Junction-mediating and regulatory protein (JMY) is a promoting protein for radial migration of cortical neurons

How a Single Protein Helps Build a Thinking Brain

The human-like abilities of mice—such as learning a maze or remembering a hidden platform in water—depend on how precisely their brain cells are born, move, and connect during early life. This study explores a little-known protein called JMY and shows that it quietly guides young nerve cells into the right layers of the brain’s cortex. When JMY is missing or reduced, the brain’s wiring pattern is subtly disturbed, and the animals struggle with tasks that rely on memory and spatial navigation.

Setting the Stage for Brain Layers

In mammals, the outer part of the brain, the cerebral cortex, is built in layers. New neurons are generated deep inside, then migrate outward along narrow paths to reach their final positions. The authors first asked when and where JMY appears in this process. They found that JMY is strongly produced in the developing mouse brain, especially before and shortly after birth, and mainly in regions that generate new neurons. It is present both in immature dividing cells and in more mature neurons, and is seen in key brain areas such as the cortex and hippocampus. Over time, its levels fall to much lower values in adulthood, hinting that JMY’s main job is during early brain construction.

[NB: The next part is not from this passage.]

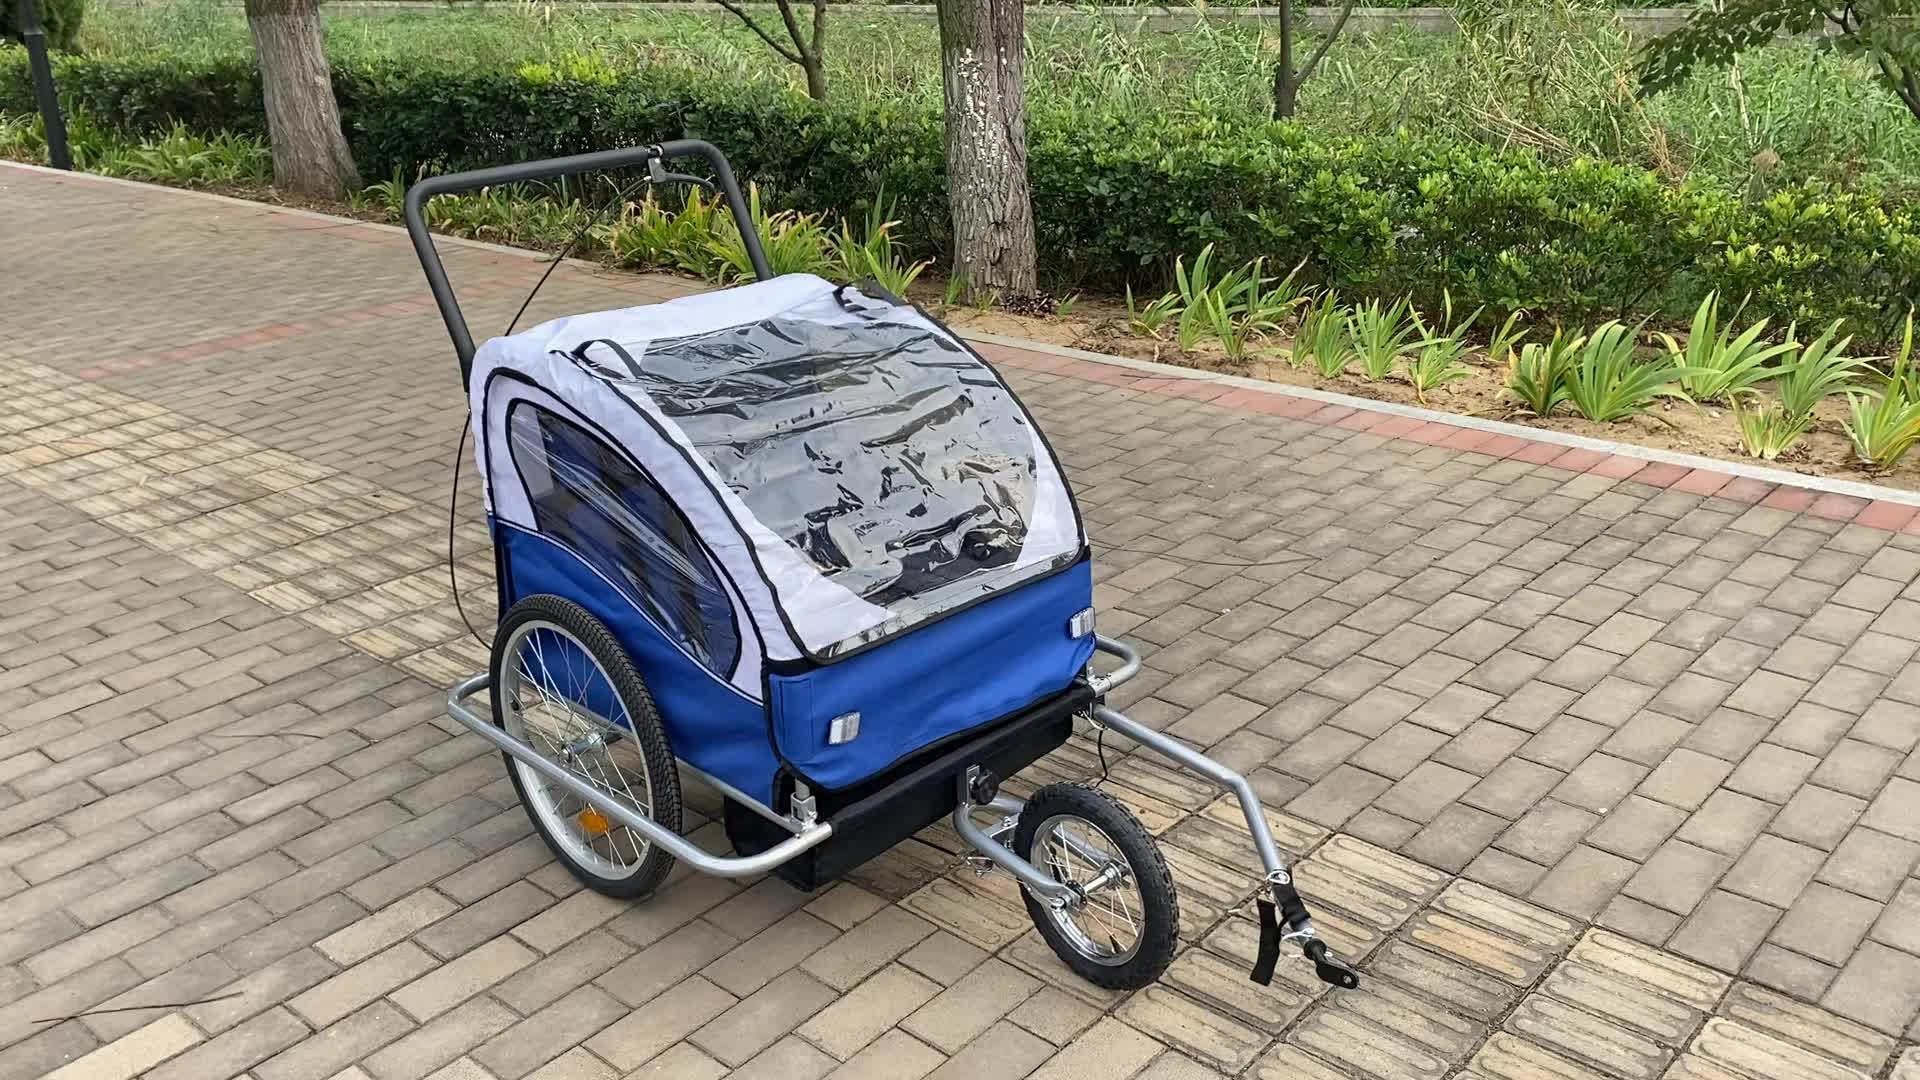 Fabrik Angepasst Freien Transport Folding Jogger Baby Kinderwagen 2 Sitz Utility Fahrrad Bike Kind Träger Anhänger

Helping Young Neurons Move to the Right Place

Because JMY is abundant where new neurons are born, the team tested whether it affects their migration. Using a technique that introduces DNA directly into the brains of mouse embryos, they either reduced JMY or boosted it in selected cortical cells. When JMY was knocked down, many labeled neurons failed to travel outward on schedule and instead piled up in the deeper germinal zones. When JMY was overproduced, more neurons successfully reached the outer cortical plate. Although some delayed cells eventually caught up after birth, the early slowdown during a critical window left lasting marks on how the cortex was organized.

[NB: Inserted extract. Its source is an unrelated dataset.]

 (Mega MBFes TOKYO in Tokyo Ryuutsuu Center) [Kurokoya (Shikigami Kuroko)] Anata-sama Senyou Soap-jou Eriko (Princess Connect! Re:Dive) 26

Balancing Cell Birth and Maturation

Neurons must stop dividing before they can migrate and mature. The researchers showed that JMY helps cells make this transition. In embryos with reduced JMY, more progenitor cells remained in a dividing state, and fewer exited the cell cycle to become neurons. Markers of stem-like cells stayed high, indicating that the pool of undifferentiated cells was not shrinking as it should. JMY is known to work with the famous guardian of the genome, p53, which controls cell-cycle brakes and DNA repair. Proteomic and gene-expression analyses revealed that in JMY-deficient brains, several components of this control system—especially a p53 target called Gadd45α, important for pausing the cycle before division—were disturbed. This shift likely allows progenitor cells to keep cycling longer, delaying their conversion into migrating neurons.

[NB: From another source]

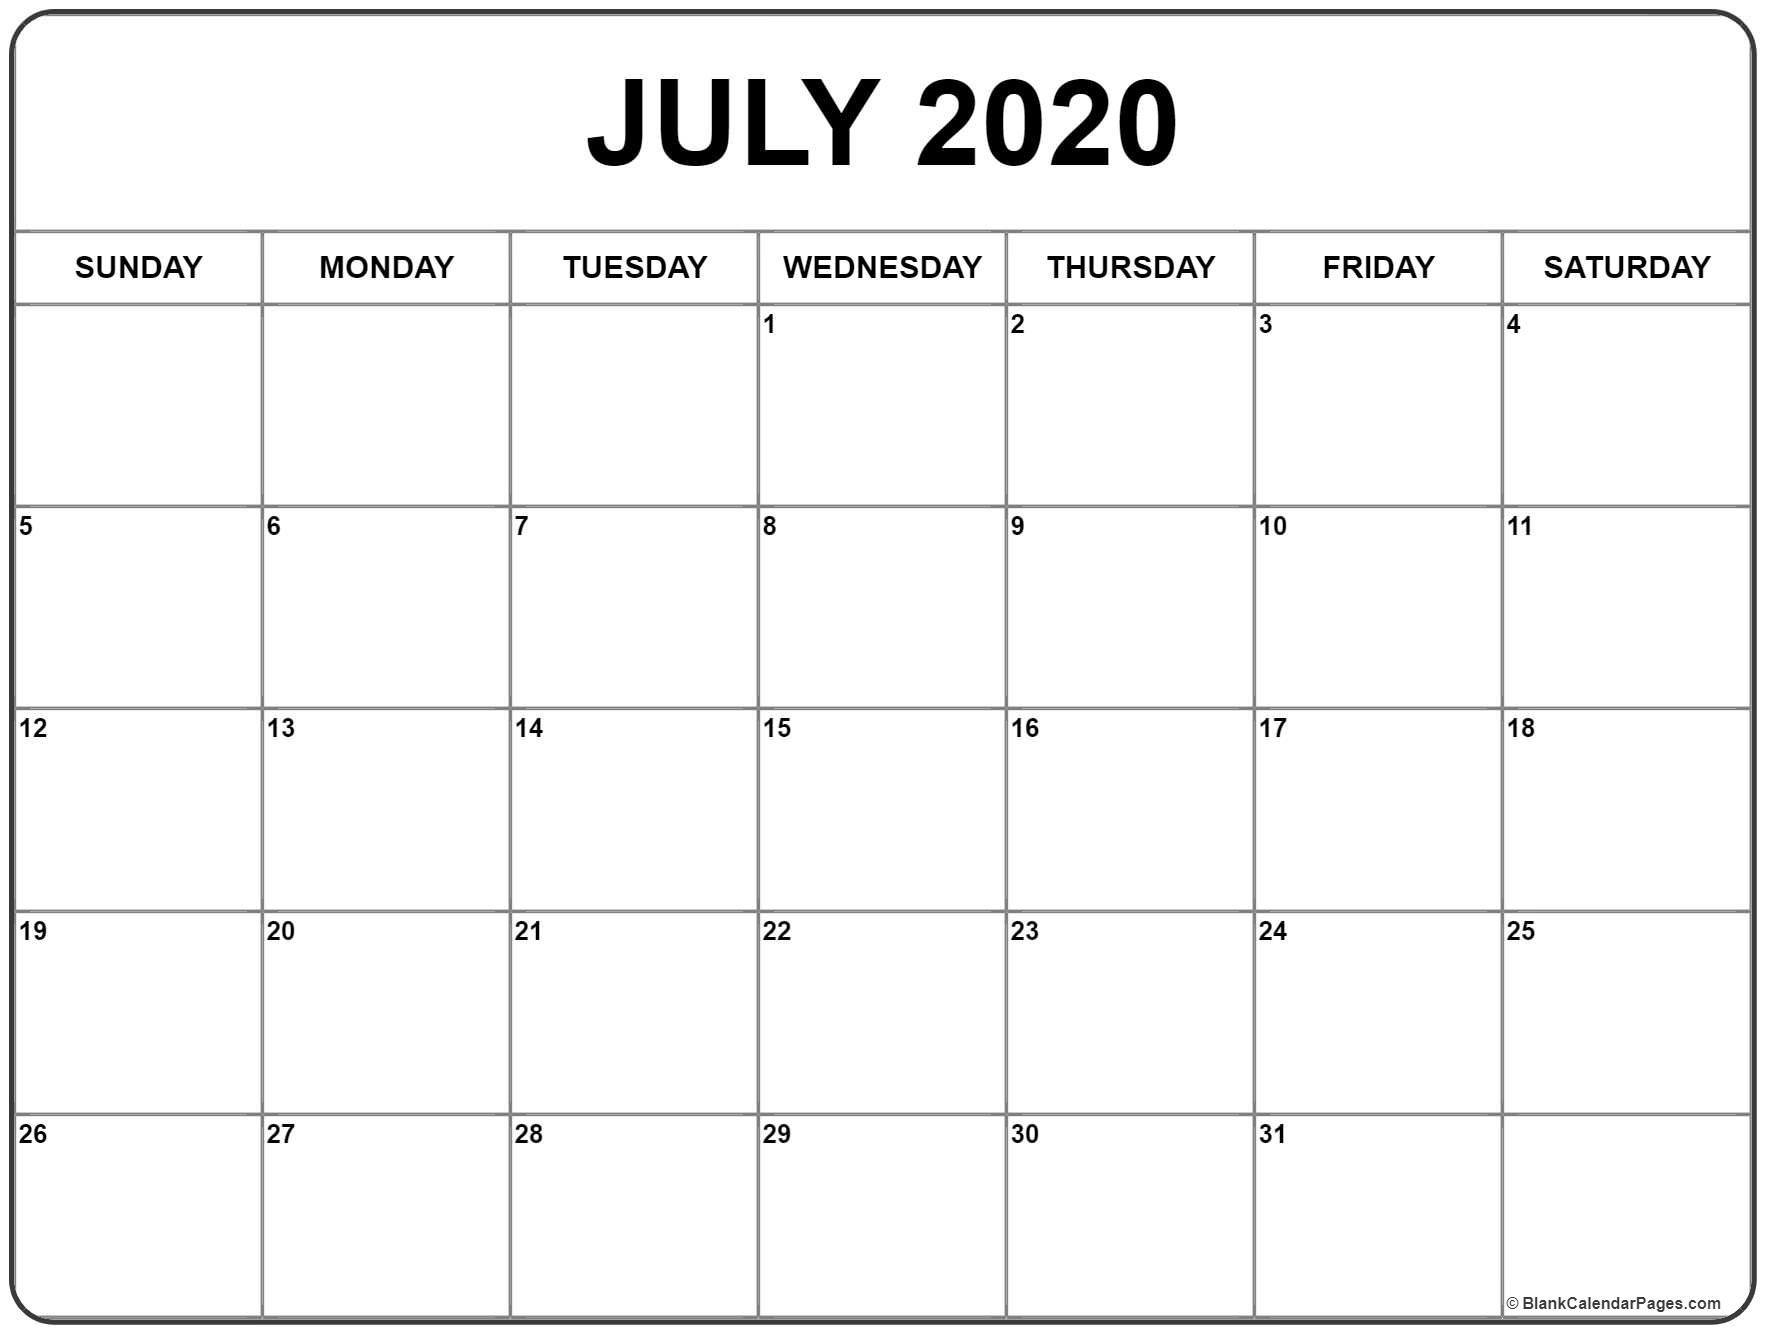 Free July Holidays 2020 Calendar Printable For Usa Uk Canada

Shaping Neuron Branches and Layer Patterns

The story did not end with migration. When the team examined the brains of older mice in which JMY had been deleted specifically in neural progenitors or in the cortex and hippocampus, they found that certain upper cortical layers were disorganized. A subset of neurons that normally settle near the brain surface were stranded in deeper regions. At the single-cell level, neurons lacking JMY developed simpler, shorter branches, suggesting that their structural maturation was compromised. These alterations in layering and dendritic complexity occurred even though the overall size and shape of the cortex looked roughly normal, underscoring that relatively subtle changes in the brain’s internal layout can have significant functional effects.

From Developmental Glitches to Memory Problems

To find out whether these structural changes matter for behavior, the authors tested adult JMY-deficient mice in classic memory tasks. In the Morris water maze, the knockout mice took longer to learn the location of a hidden platform and later spent less time searching in the correct area when the platform was removed. In a Y-shaped maze that probes recognition of a new route, they showed weaker preference for the novel arm and less focused exploration. Importantly, their swimming speed and general movement were normal, indicating that the deficits were truly cognitive. Together, the results connect JMY’s role in controlling neuron production, migration, and branching with the brain circuits that support spatial learning and memory.

Why This Protein Matters

This work reveals JMY as a key coordinator of early cortical development. By helping neural progenitor cells stop dividing, start differentiating, and migrate outward on time, JMY contributes to forming well-organized layers and elaborately branched neurons. When JMY is absent or reduced, these steps are mistimed and misaligned, leaving the cortex subtly miswired and weakening memory performance in adulthood. Because disruptions in similar developmental processes have been linked to conditions such as intellectual disability and autism, understanding JMY and its partnership with p53 may offer new clues to how early molecular events shape lifelong brain function.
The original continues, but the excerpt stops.